> [GOAL OF THE EXERCISE]:
Will you write out the data exactly, excluding every picture?

> [PROVIDED MATERIAL]:
####

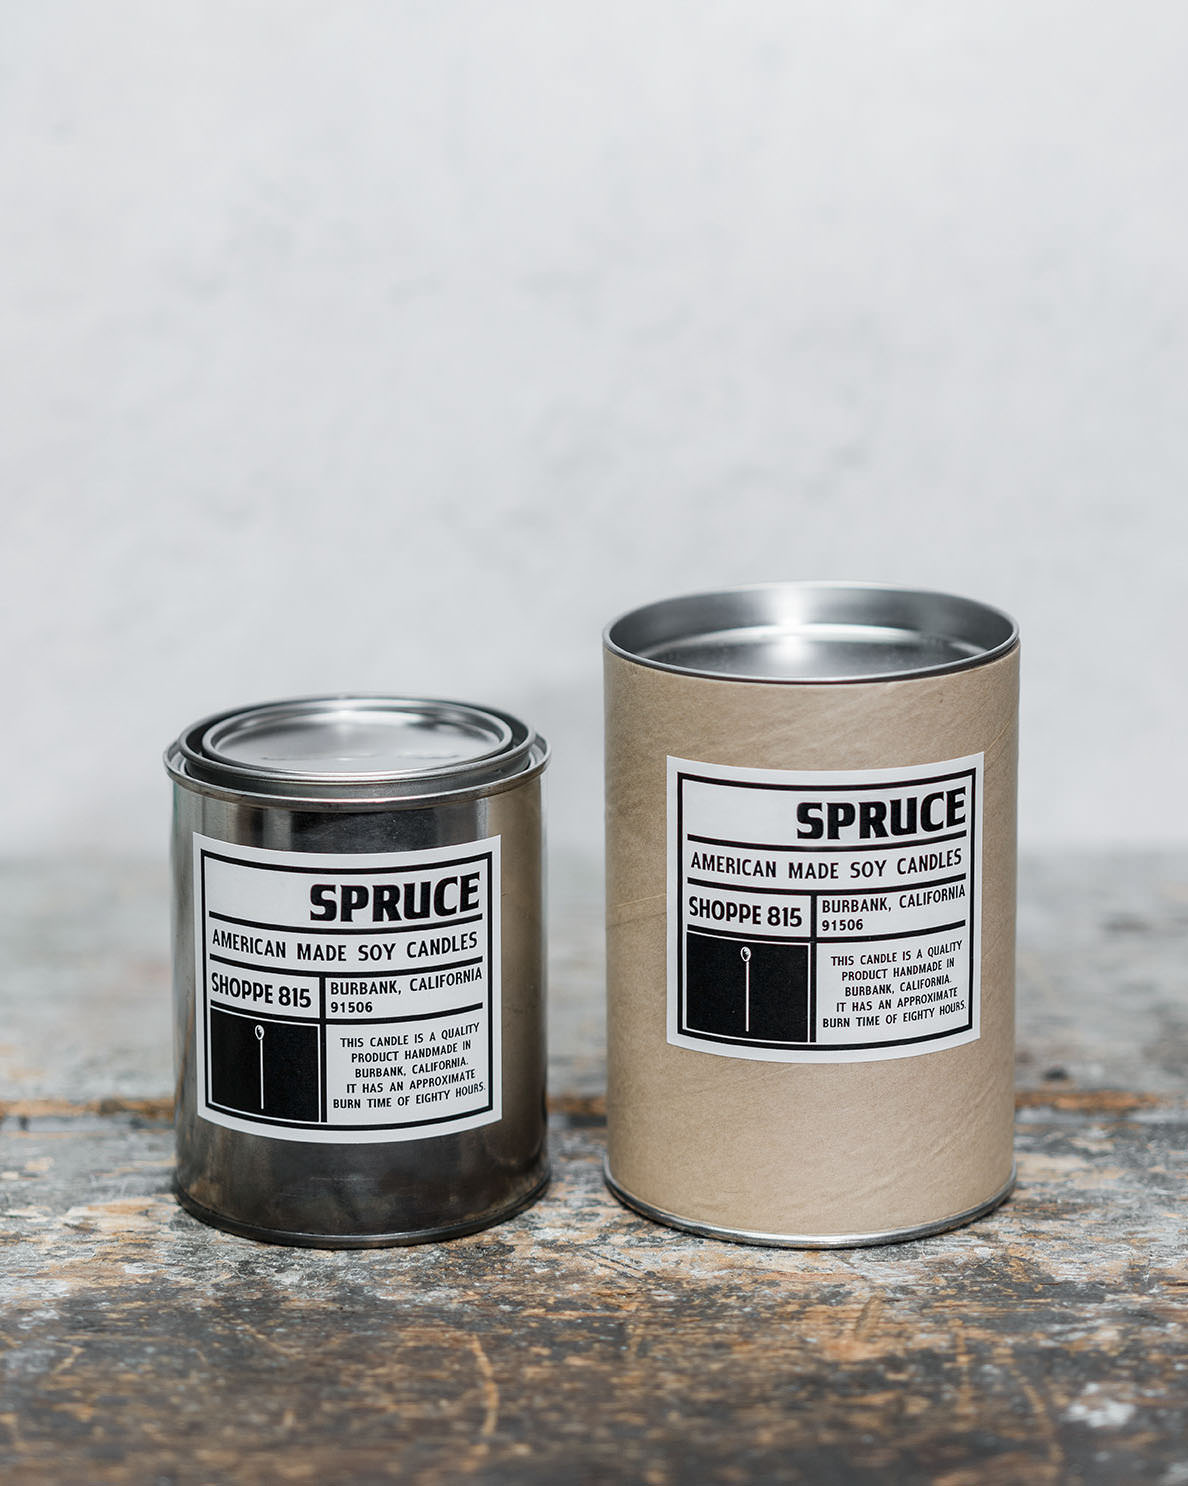 Spruce gender neutral tin candle on wooden shelf with packaging
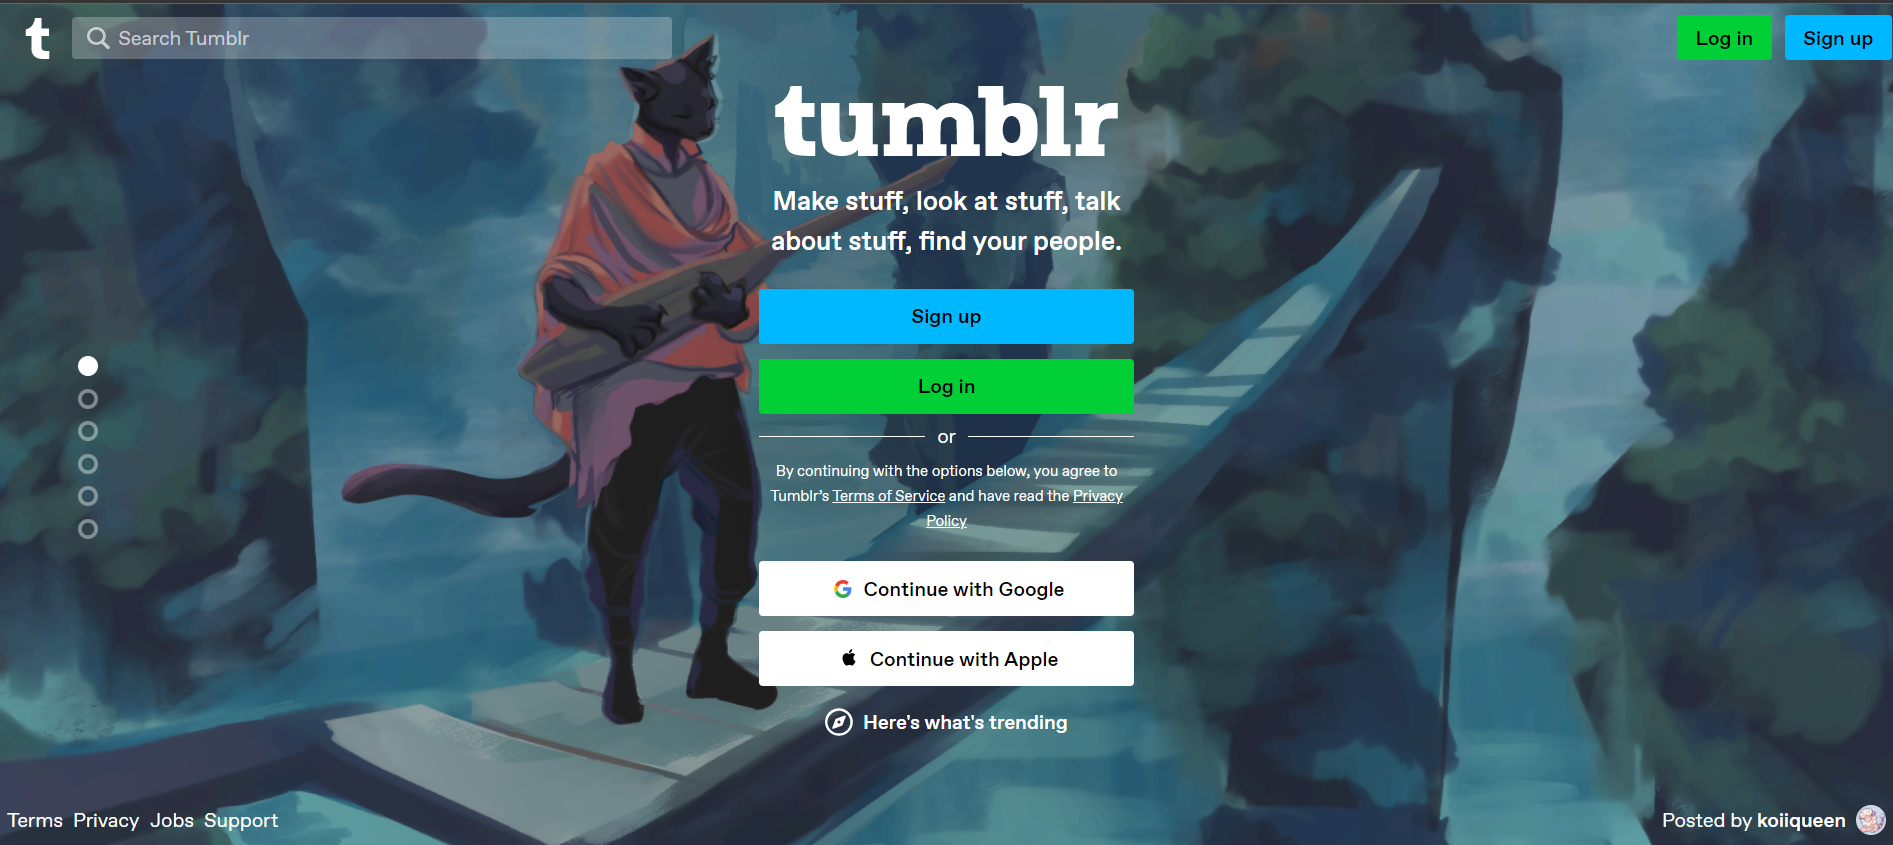 tumblr : How To Block Or Unblock Someone On Tumblr
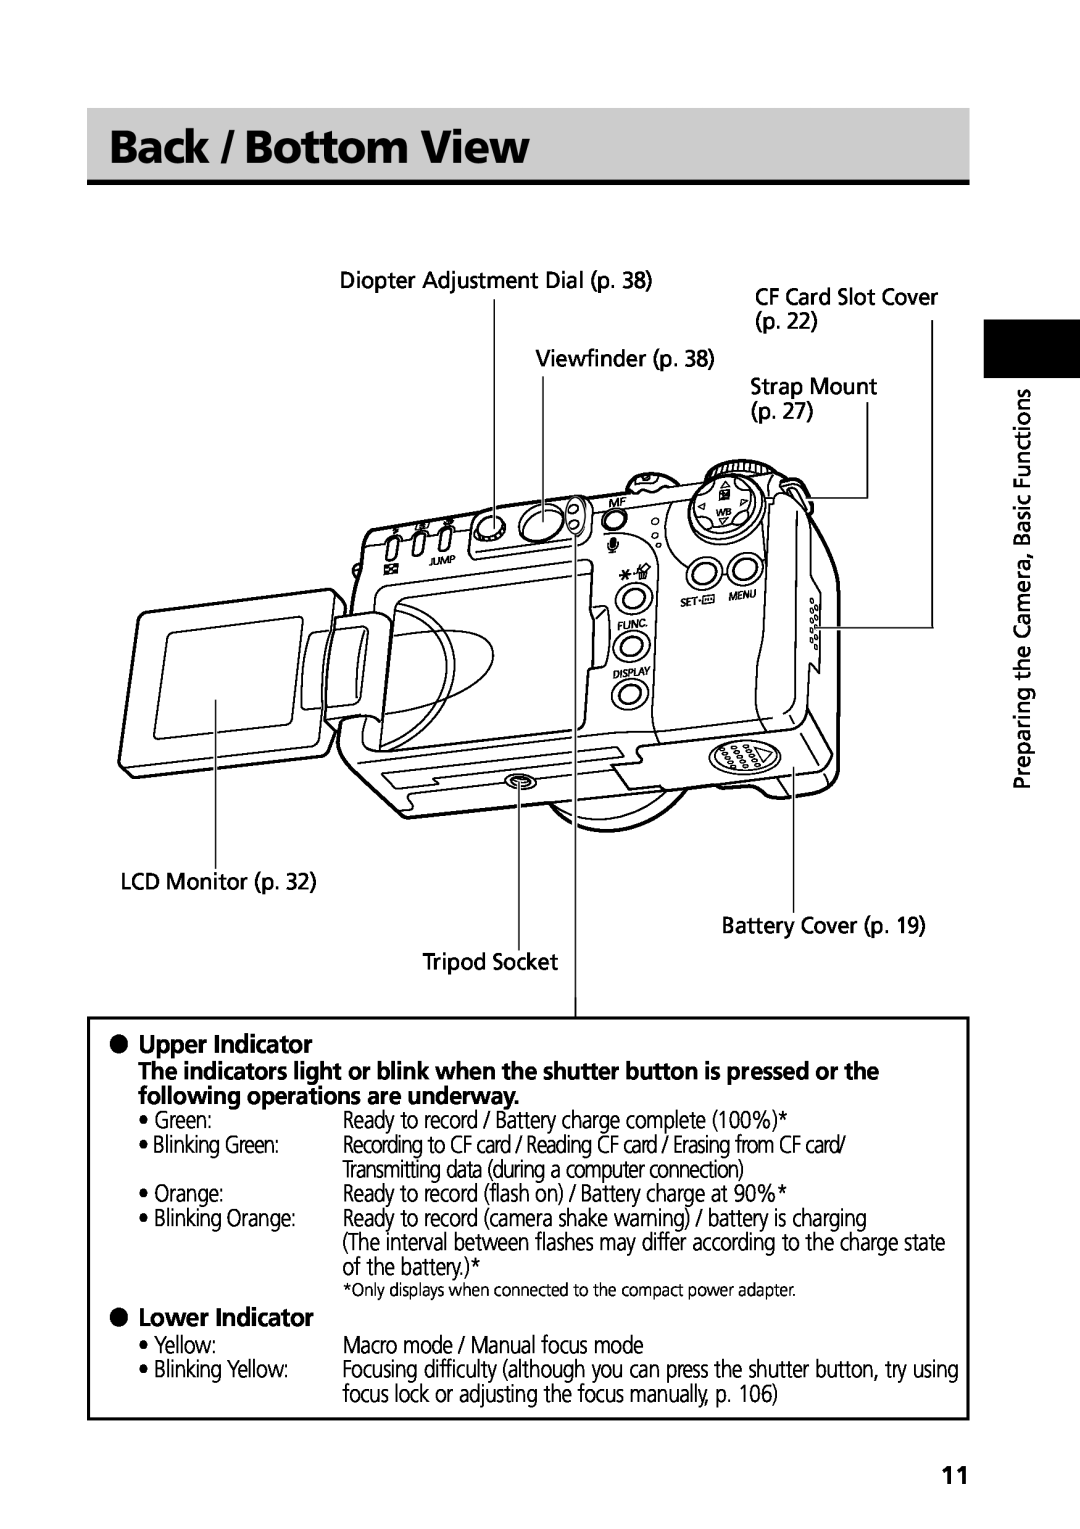 Canon G3 manual Back / Bottom View, Upper Indicator, Lower Indicator

####

> [TASK RESPONSE]:
 Spruce gender neutral tin candle on wooden shelf with packaging
 tumblr : How To Block Or Unblock Someone On Tumblr
 Canon G3 manual Back / Bottom View, Upper Indicator, Lower Indicator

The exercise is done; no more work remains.